Nvidia has been one of the leading brands in the graphics card industry for decades; The Green team controls approximately 80 to 90 percent of the total graphics market and has primarily worked to create and adopt new technologies such as beam interception and DLSS.

However, as artificial intelligence and computing become increasingly important for scientific research and other computing work and rely on processors similar to GPUs, other companies such as Intel have recently entered the field.

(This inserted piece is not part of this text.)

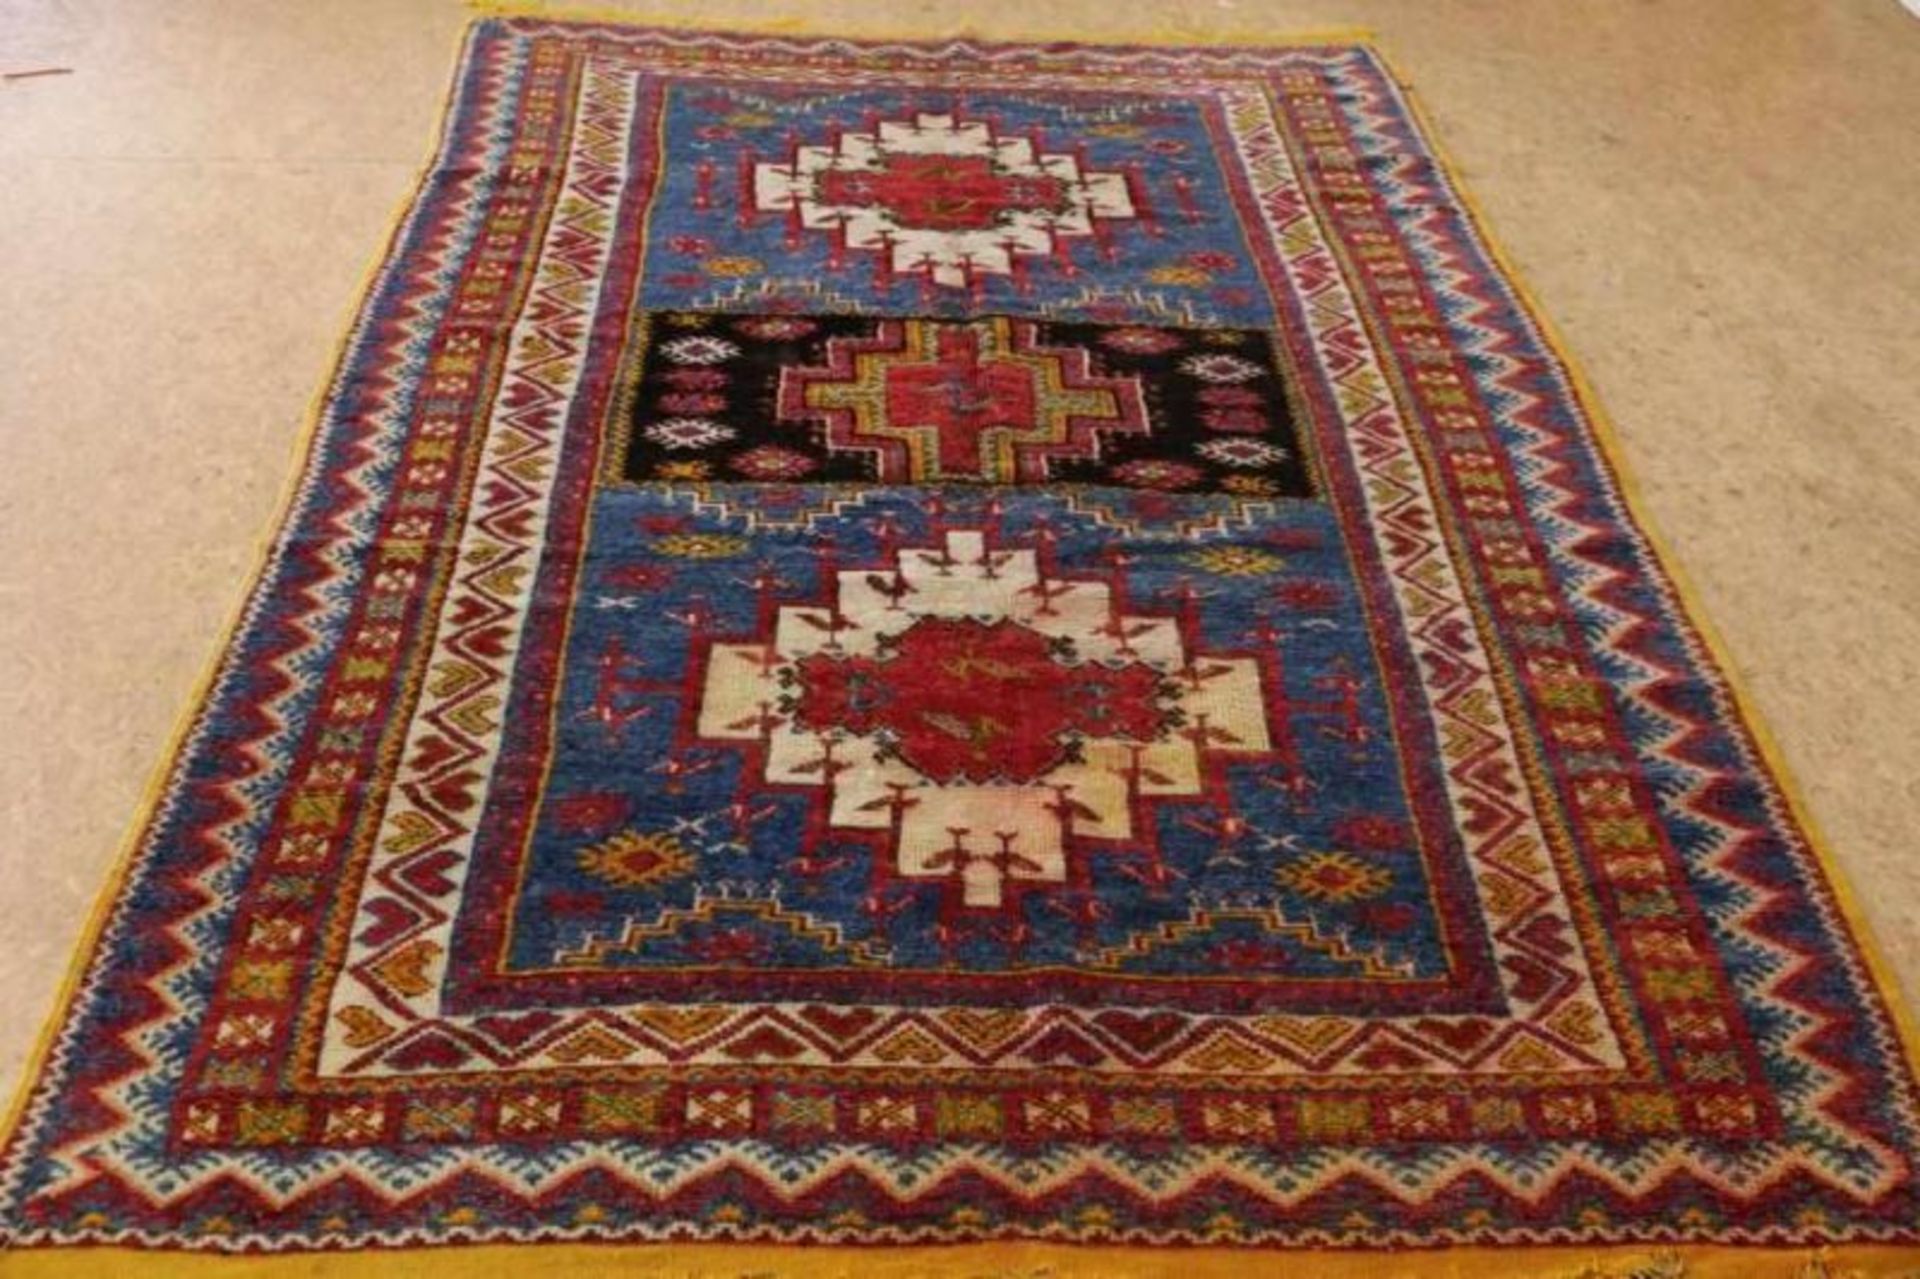 Tapijt, Kazak 252 x 155 cm. Kazak carpet, 252 x 155 cm.

Intel did not produce proprietary graphics cards for a long time in the late 1990s and seemed to focus more on media capabilities. The company’s top-of-the-line graphics models, at best, had the power to perform single-float point calculations equal to 18 teraflops, which, according to the table at the beginning of the article, can only be considered a competitor to the AD106 processor.

However, according to published reports, Intel plans to re-enter the field soon, introducing the second generation of Arc Alchemist architecture, called the Battlemage, doubling Alchemist capabilities and taking over Nvidia’s market share, especially in the gaming laptop space.

Ayamdi, for his part, is working to gain a foothold in the industry and has made several statements about his plan to introduce the RDNA 3 architecture by the end of this year.

The red team is expected to use the TSMC N5 node in its next generation of architecture and be able to compete directly with Nvidia in the field of wafers.

The company has so far avoided putting any deep-learning hardware in its consumer GPUs, but given that Intel uses Xe Matrix cores in the Arc architecture, it is likely that Emedi will change its approach; Xe Matrix cores are equipped with XeSS technology that provides capabilities to improve virtual intelligence.

Finally, there is no doubt that Nvidia is currently offering far more impressive beam performance than the RX 6000 series cards; The red team has yet to say anything about beam interceptor hardware or the need for its effects in gaming, and Intel, in turn, may offer poorer beam interception performance than expected.

It is not easy to persuade people to upgrade their graphics cards as long as most games run fast and do not require beam effects. Still, it is to be hoped that after two years of shortages and high prices for GPUs and flagship GPUs, these problems will finally resolve next year, and the GPU industry will once again become a significant industry.